# Just sold my Atlanta Stove Works Woodsman stove



## Nick Mystic (Feb 22, 2013)

Back in 1987 when I had just moved to Western NC I was living in an old wood frame house that had been on the market for $24,000 before a small house fire caused significant damage during renovations by the previous owner. I came to buy this house while on vacation (looking at real estate) when I offered the seller $10,000 for the house and all the building materials on the site. My offer was intended as a feeler to find out how much he actually wanted for the house in its damaged condition. Two hours later the realtor called and said, "You bought yourself a house!"

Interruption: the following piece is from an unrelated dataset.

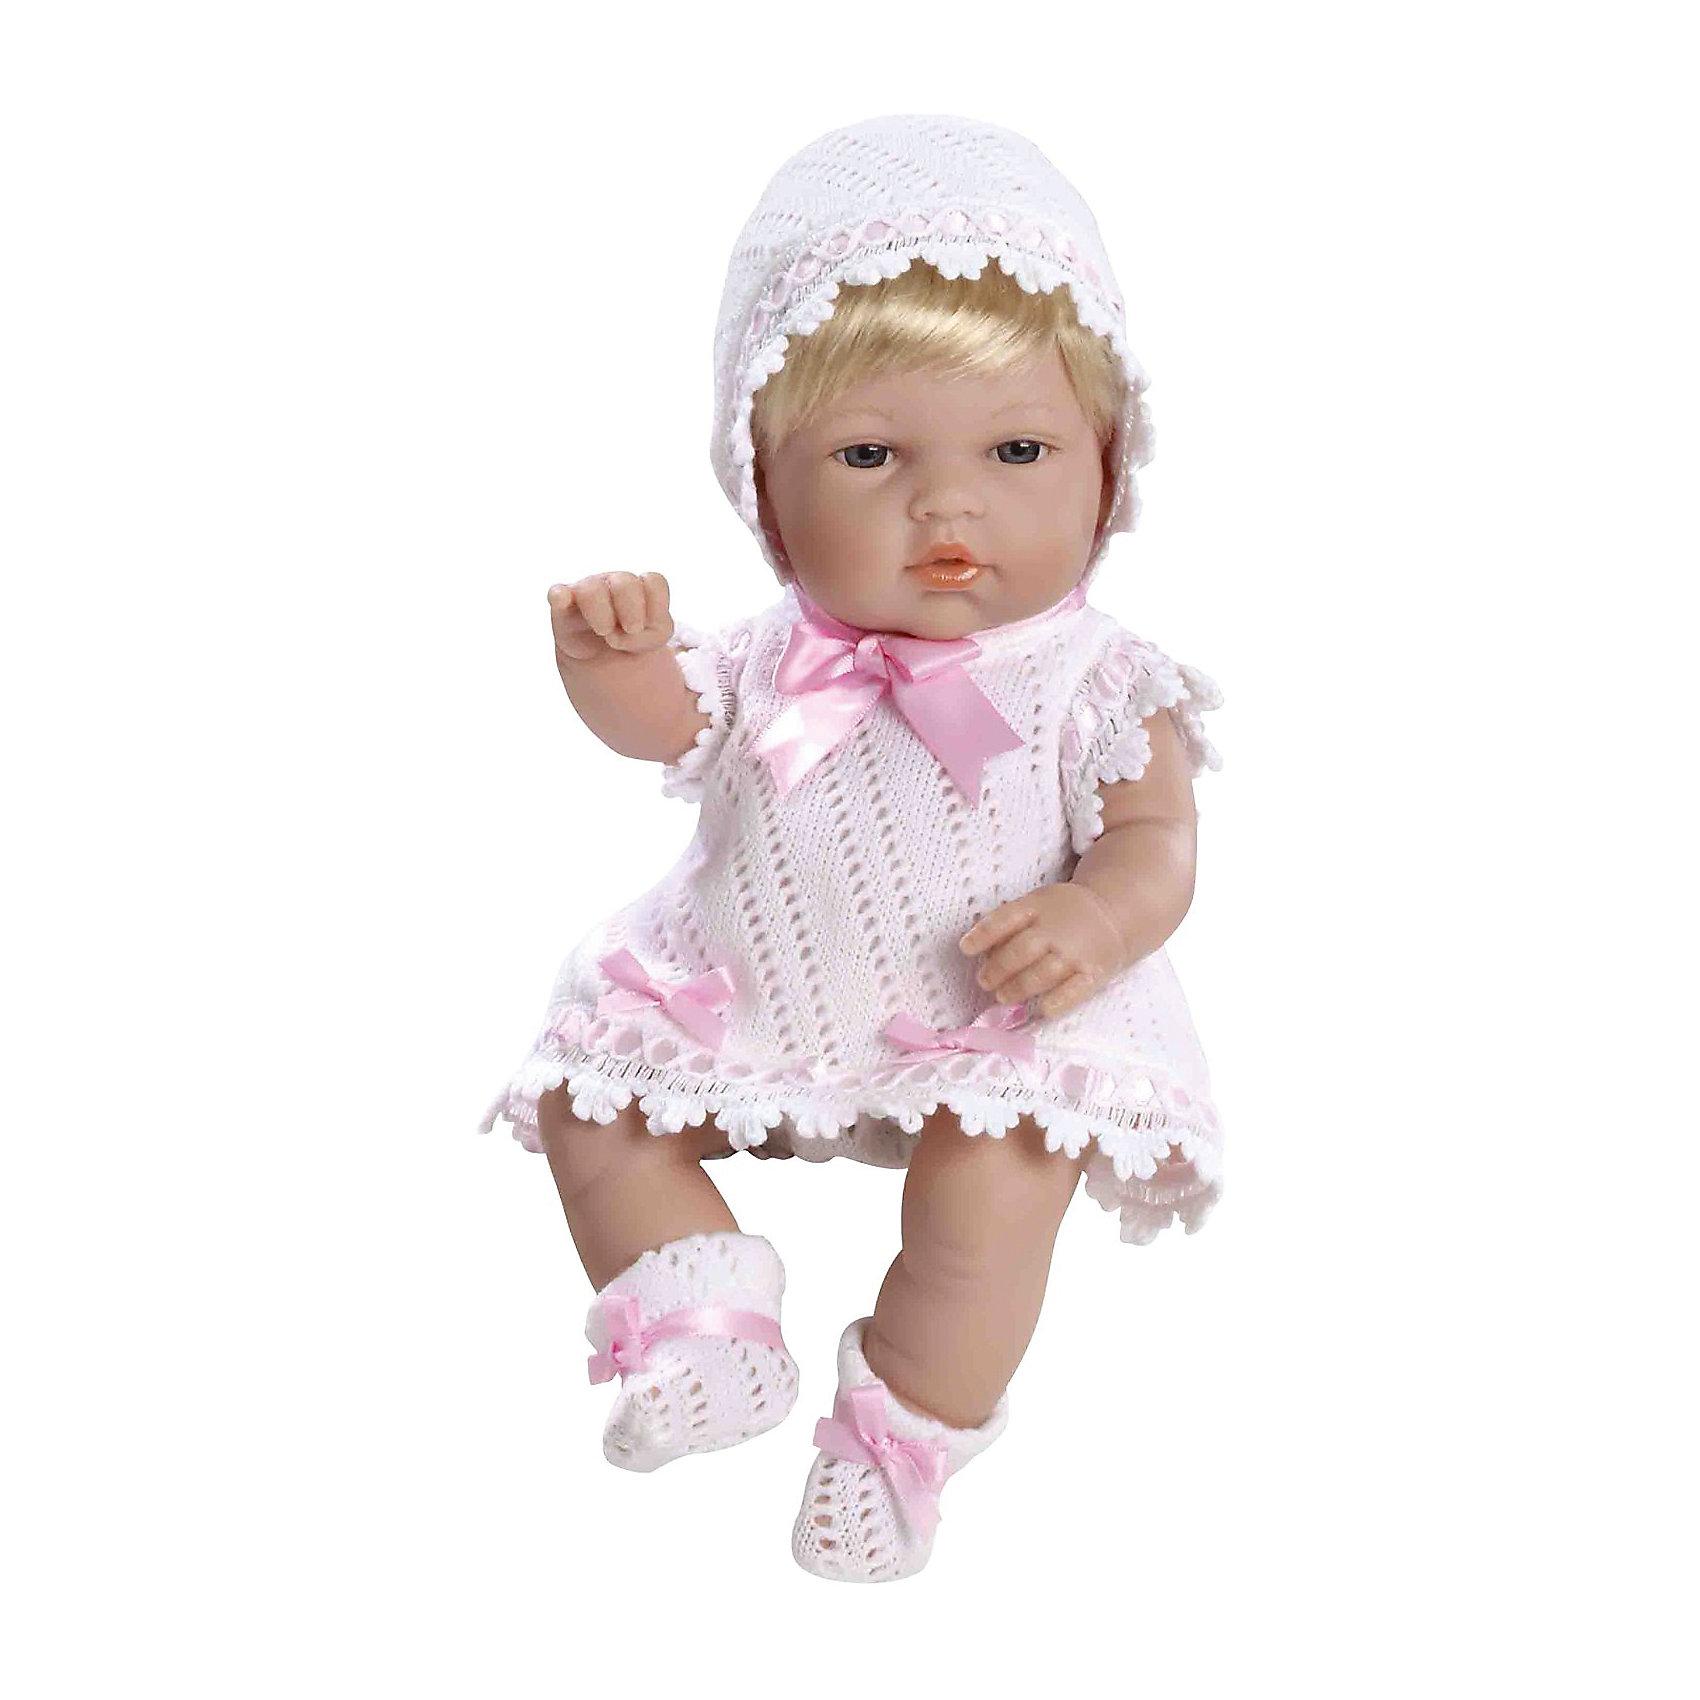 Пупс Блондинка, в белом с розовыми цветами, 33см, AriasКуклы-пупсы<br>Характеристики:<br><br>• Вид игр: сюжетно-ролевые<br>• Пол: для девочек<br>• Коллекция: Elegance<br>• Материал: винил, текстиль, нейлон<br>• Длина пупса: 33 см<br>• Комплектация: пупс, платье, чепчик, пинетки<br>• Подвижные ручки и ножки <br>• Вес в упаковке: 1 кг 650 г<br>• Размеры упаковки (Г*Ш*В): 41*14*24 см<br>• Упаковка: картонная коробка<br>• Особенности ухода: куклу можно купать, одежда – ручная стирка<br><br>Пупс Блондинка, в белом с розовыми цветами, 33см, Arias изготовлен известным испанским торговым предприятием Munecas, который специализируется на выпуске кукол и пупсов. Пупсы и куклы Arias с высокой степенью достоверности повторяют облик маленьких детей, благодаря мельчайшим деталям внешнего вида и одежды игрушки выглядят мило и очаровательно. Пупс выполнен из винила, у него подвижные ручки и ножки, короткие светлые волосы, четко прорисованные глаза и брови, курносый носик и пухленькие губки. Малышка одета в вязаное ажурной вязкой платье белого цвета, пинетки и чепчик. Все детали гардероба декорированы розовыми атласными ленточками. Пупс Блондинка, в белом с розовыми цветами, 33см, Arias станет идеальным подарком для девочки к любому празднику.<br><br>Пупса Блондинку, в белом с розовыми цветами, 33см, Arias можно купить в нашем интернет-магазине.<br><br>Ширина мм: 405<br>Глубина мм: 140<br>Высота мм: 240<br>Вес г: 1075<br>Возраст от месяцев: 36<br>Возраст до месяцев: 120<br>Пол: Женский<br>Возраст: Детский<br>SKU: 5355545

During my rebuilding I discovered a beautiful brick fireplace behind a living room wall. I reconditioned the fireplace and took down the old unlined chimney since I could remove all the top bricks by just lifting them off by hand! After cleaning all the salvaged bricks I used them to build a three sided heat shield on top of the fireplace using the same footprint for the original chimney (approximately 32" x 18"). There were enough bricks left over to make a hearth 4'x4' in front of the fireplace, which is where I put this woodstove. I wish I had photos to post of that installation, but unfortunately I lost them all when a hard drive crashed and I hadn't backed them up.

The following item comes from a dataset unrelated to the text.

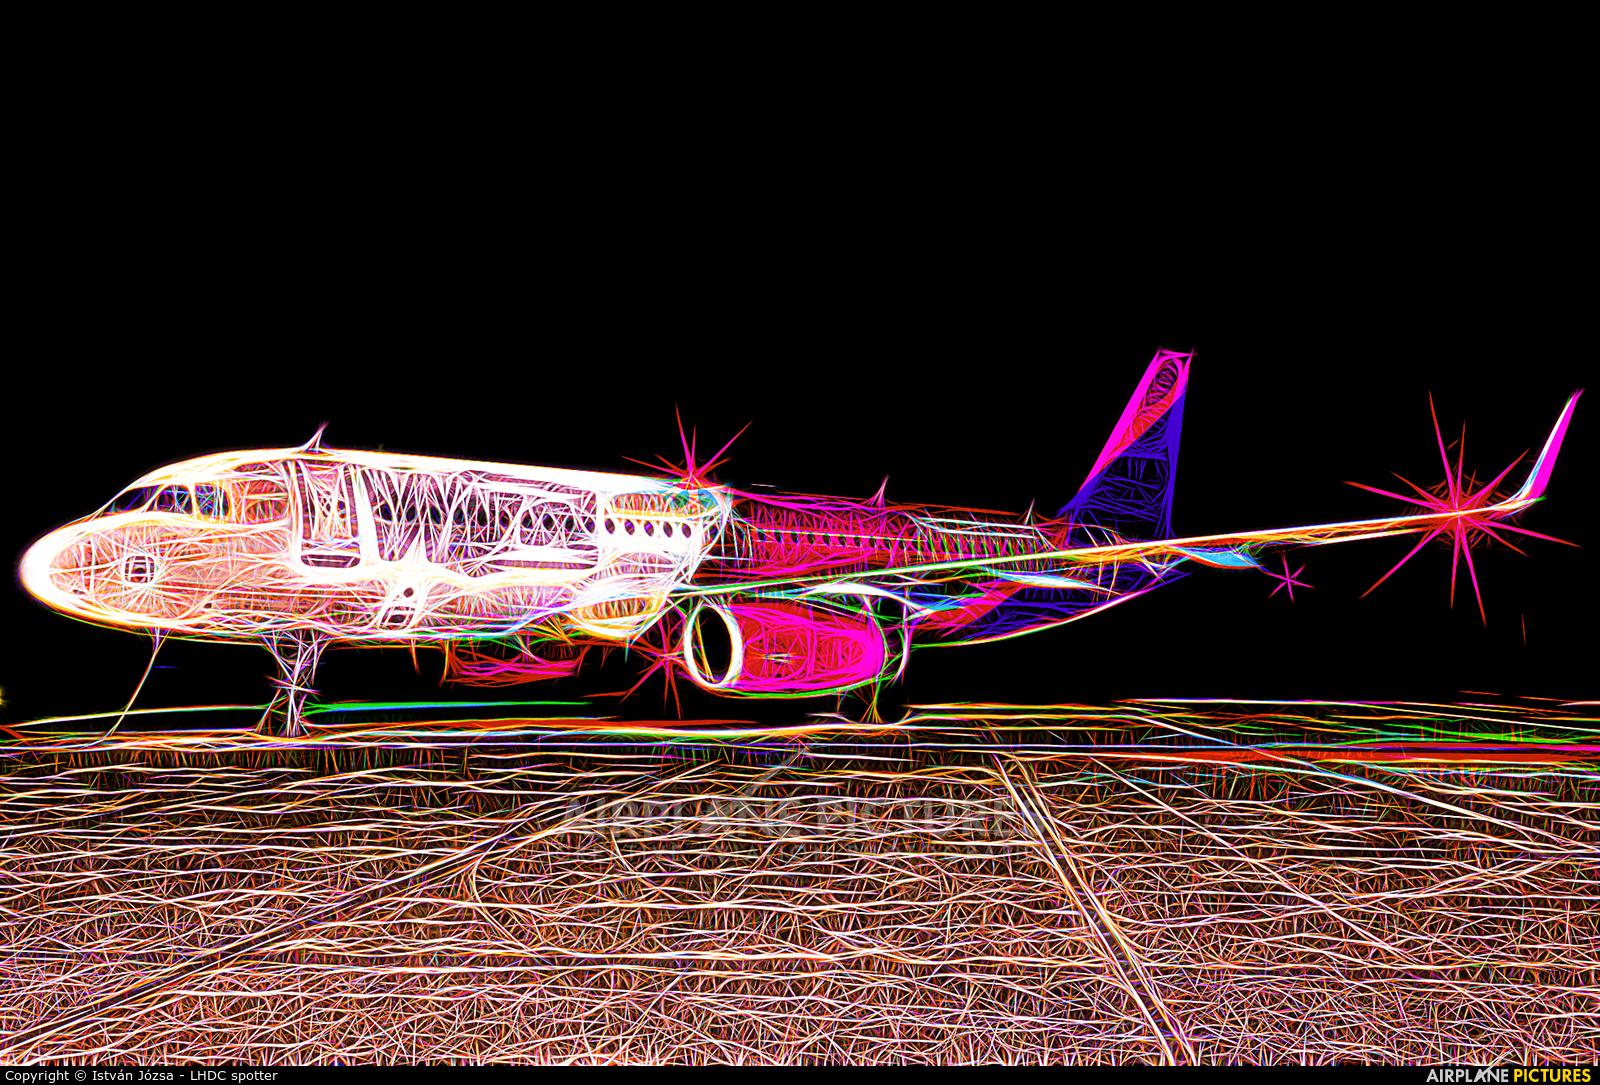 Wizz Air HA-LYS aircraft at Debrecen Intl

I heated that 1000 sq. ft. home for 15 years with the Woodsman and it did a fine job. When my wife and I bought a home one town away I rented this house out, but took the woodstove with me since I did not trust renters to use it properly. So, for the past eleven years it has been sitting against a wall in my garage since our new home already had a woodstove in the lower level and an insert in the living room fireplace. You can see that insert in a post I started on the woodstove forum page titled: Installing a Jotul F 600. 

While at the woodstove store buying my new Jotul I mentioned this Woodsman sitting in my garage and a couple days later someone came into the store looking for a used woodstove. The store hooked him up with me and the guy bought the stove for $300 sight unseen, until he came to pick it up. He only had $300, which is how we determined a price. I had done some research online and it seems that stove originally sold new for $400 back in the '70s. I paid $200 for it used from a furniture store in 1987. Currently, I've seen them priced between $250 - $500 online, so I figured $300 was a fair price since the stove is still in excellent condition, except for a small amount of surface rust from sitting ten years unused.

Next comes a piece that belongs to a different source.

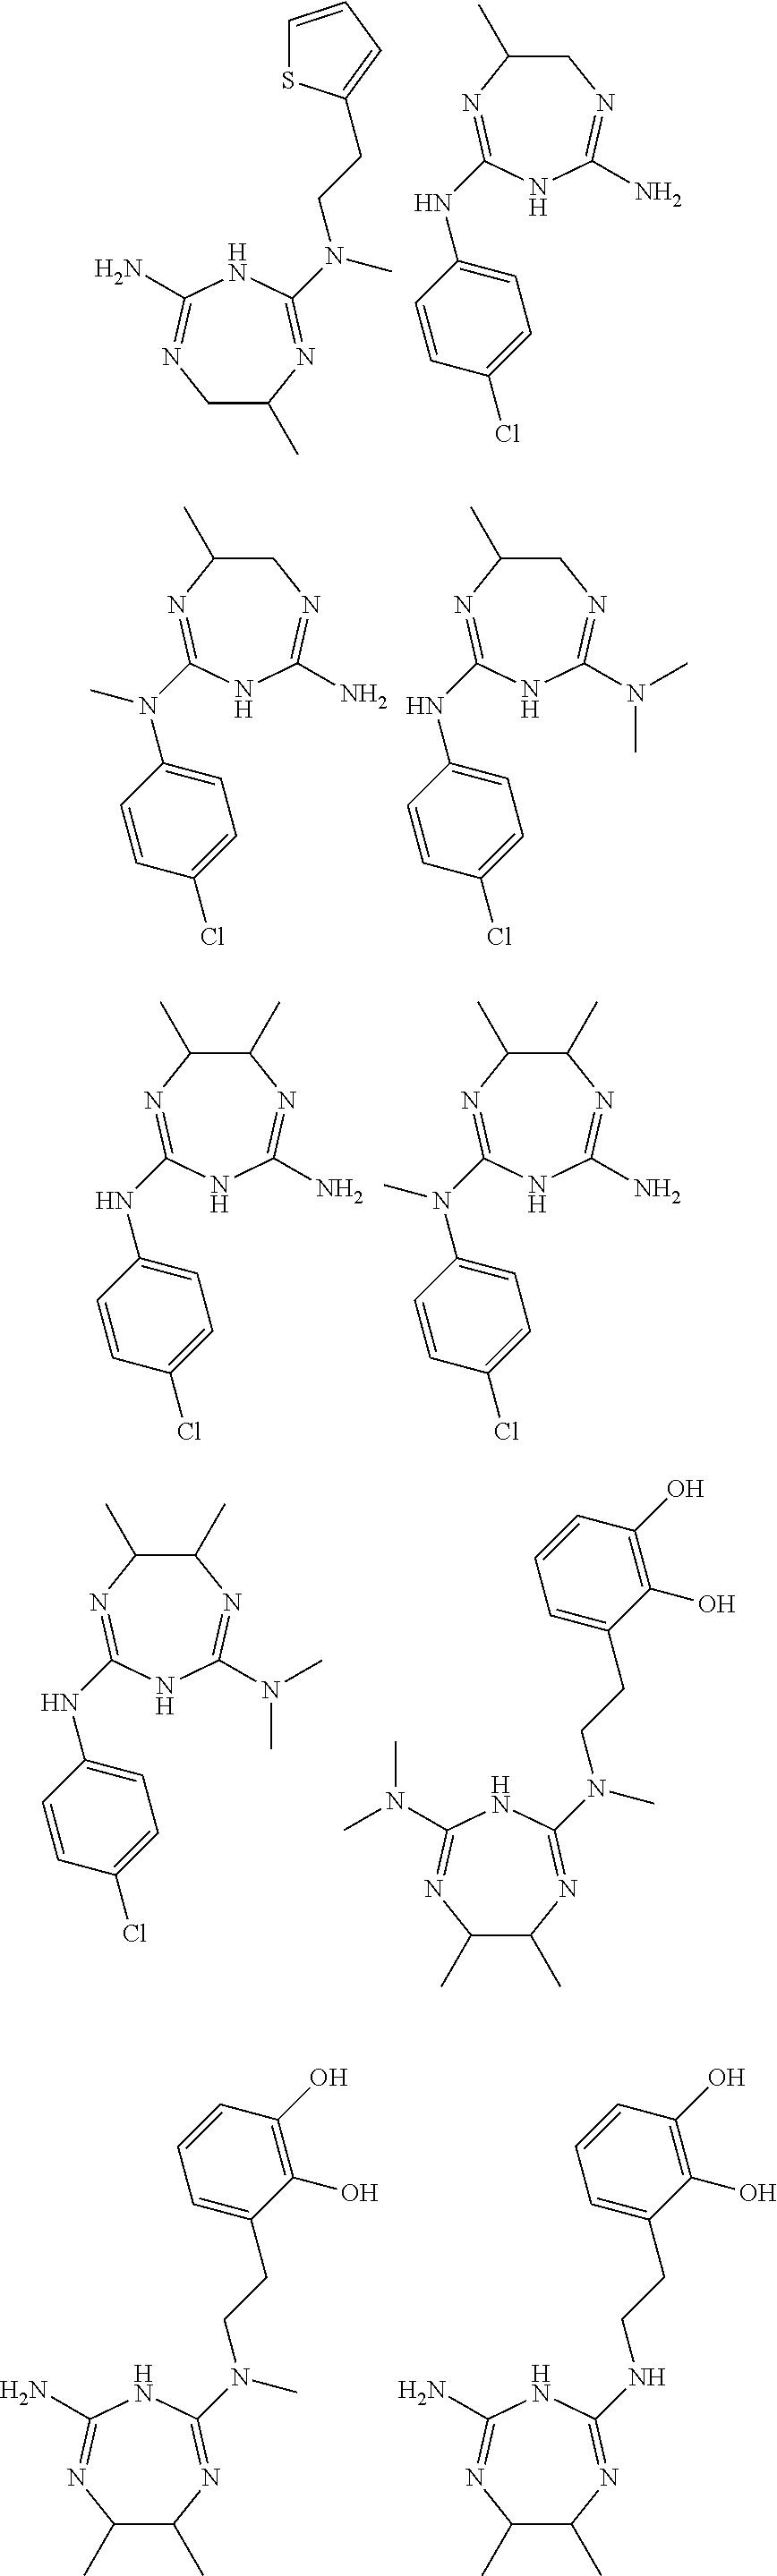 Figure US09480663-20161101-C00216

Here are a couple more photos. I really liked the side panels with the outdoor scene:


----------



## DAKSY (Feb 22, 2013)

I corrected your title. It now reads "F 600"...


----------



## Nick Mystic (Feb 22, 2013)

Thanks for making that correction for me DAKSY. On my very first post I screw up the title of my post!


----------



## DAKSY (Feb 22, 2013)

Nick Mystic said:


> Thanks for making that correction for me DAKSY. On my very first post I screw up the title of my post!


 
Been there...


----------



## begreen (Feb 22, 2013)

Thanks for posting the pics. The stove looks like a Jotul F118 copy. If they did a good job it probably is a decent heater.


----------



## Nick Mystic (Feb 22, 2013)

Yes, it matches up very close to the Jotul F118, but no glass door. Also, it's not as heavy as the Jotul since the buyer and I were able to lift it up about two feet onto the back of his trailer without getting hernias! I'm guessing it weighed around 200 - 225 lbs. I found the owners manual online, but it didn't include the weight. I used it for about 15 years heating a 1000 sq. ft. house and it kept things nice and warm.


----------



## Motor7 (Feb 24, 2013)

I'd say you got your money's worth out of it....neat looking old stove.


----------